Guerre en Ukraine : quelles conséquences pour l’Amérique latine ?

Comme les journaux européens, les quotidiens argentins s’intéressent de près au conflit ukrainien, même si celui-ci reste, dans l’esprit du public, relativement lointain et, pour le moment, n’a pratiquement pas de répercussions visibles sur le quotidien des habitants du cône sud.

Néanmoins, dans le monde d’aujourd’hui, est-il vraiment possible d’imaginer qu’il n’ait aucun impact ?

C’est la question posée dans le quotidien de gauche Pagina/12 par Gerardo Szalkowicz, qui intitule son article «Conflit Russie-Ukraine : impacts et défis pour l’Amérique Latine». En voici un petit résumé.

1. Les dommages collatéraux.

Tout d’abord, et ceci n’est évidemment pas spécifique au continent sud-américain, des conséquences économiques. L’augmentation du prix, et l’effondrement de la production des matières premières produites par les deux belligérants, et dont ils sont des leaders mondiaux, comme le blé, l’huile de tournesol, le maïs, le gaz, va mécaniquement mettre en difficulté les pays sud-américains importateurs. Par ailleurs, la fermeture de l’espace aérien aux avions russes affectera la manne touristique de pays comme Cuba ou la République Dominicaine, où les touristes russes représentent une part importante des apports de devises. La dépendance des pays d’Amérique latine à un système essentiellement agro-exportateur est sa faiblesse : elle dépend des cours mondiaux, et si la crise sanitaire l’a considérablement affaiblie, ce nouveau conflit de portée mondiale ne lui donne guère de perspectives positives.

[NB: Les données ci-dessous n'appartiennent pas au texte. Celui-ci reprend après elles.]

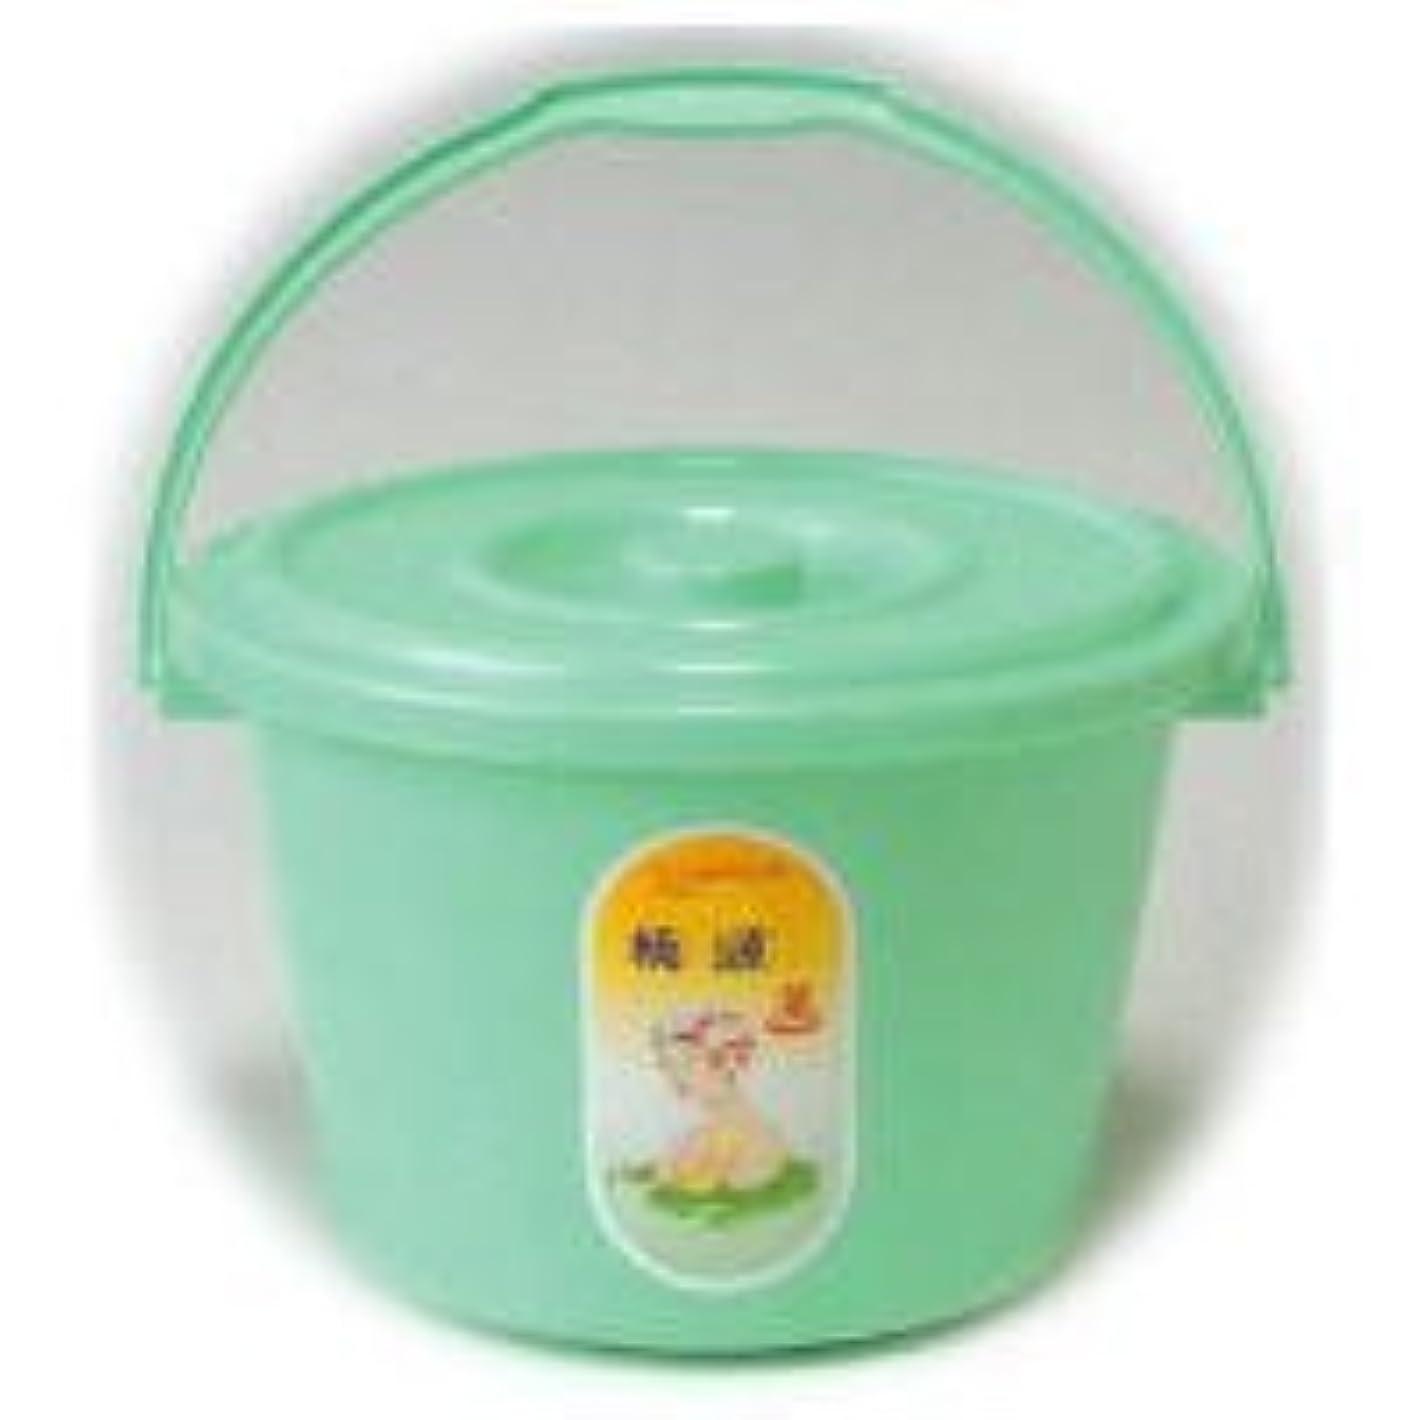 障害者レモン保存する桃源(とうげん) 桃の葉の精 4kg バケツ入り

2. L’Amérique Latine sur l’échiquier mondial

Les républiques latino-américaines se sont forgées au XIXème siècle en fonction des besoins et des intérêts des puissances « mères » européennes. Le XXème siècle a représenté un certain changement de cette donne, avec le surgissement des Etats-Unis comme puissance dominante, transformant les voisins du sud en « arrière-cour » politique aussi bien qu’économique. Des Etats-Unis encore renforcés par la chute de l’URSS, leur permettant d’asseoir davantage leur domination, y compris sur l’Europe. Mais là aussi, la donne commence à changer, avec la montée en puissance d’autres partenaires potentiels comme la Russie, justement, et surtout la Chine.

La Russie notamment a recréé des liens forts avec les pays les plus éloignés de l’orbite étatsunien, comme le Venezuela, Cuba et le Nicaragua. Mais également avec des pays pourtant réputés plus proches des Etats-Unis comme l’Argentine et le Brésil.

Il n’y a pas d’unité de posture parmi les différents pays sud-américains. Ainsi, quand « l’axe bolivarien » (Les pays les plus non-alignés, alliés du Venezuela, NDLA) a plutôt soutenu les Russes, les droites latino-américaines ont brandi le drapeau ukrainien, déguisant leur subordination aux puissances occidentales sous le masque d’un récit pacifiste hypocrite, quand on connait leur absence totale de réaction face aux 50 interventions nord-américaines dans le sud par le passé. Quant aux autres, leur réaction oscille entre franc rejet de l’invasion russe et critique molle.

Citant l’ancien journaliste du Monde Diplomatique Ignacio Ramonet, Gerardo Szalkowicz souligne que cette guerre « change la réalité planétaire et marque l’entrée du monde dans une nouvelle ère géopolitique ». Elle survient au moment où l’Amérique latine se trouve en pleine redéfinition de ses projets progressistes, conduits par des leaders plus modérés qu’auparavant. Elle vient à point nommé pour accélérer un processus d’articulation commerciale plus structuré.

Pour conclure, Gerardo Szalkowicz mise sur l’arrivée au pouvoir de personnalités progressistes comme Gabriel Boric au Chili (il vient d’être investi comme président de la république), Gustavo Petro (leader de la gauche colombienne) et Ignacio Lula Da Silva, l’ancien président brésilien, tous deux favoris pour les prochaines élections, pour cimenter l’unité sud-américaine et lui redonner la cohésion nécessaire aux défis à venir.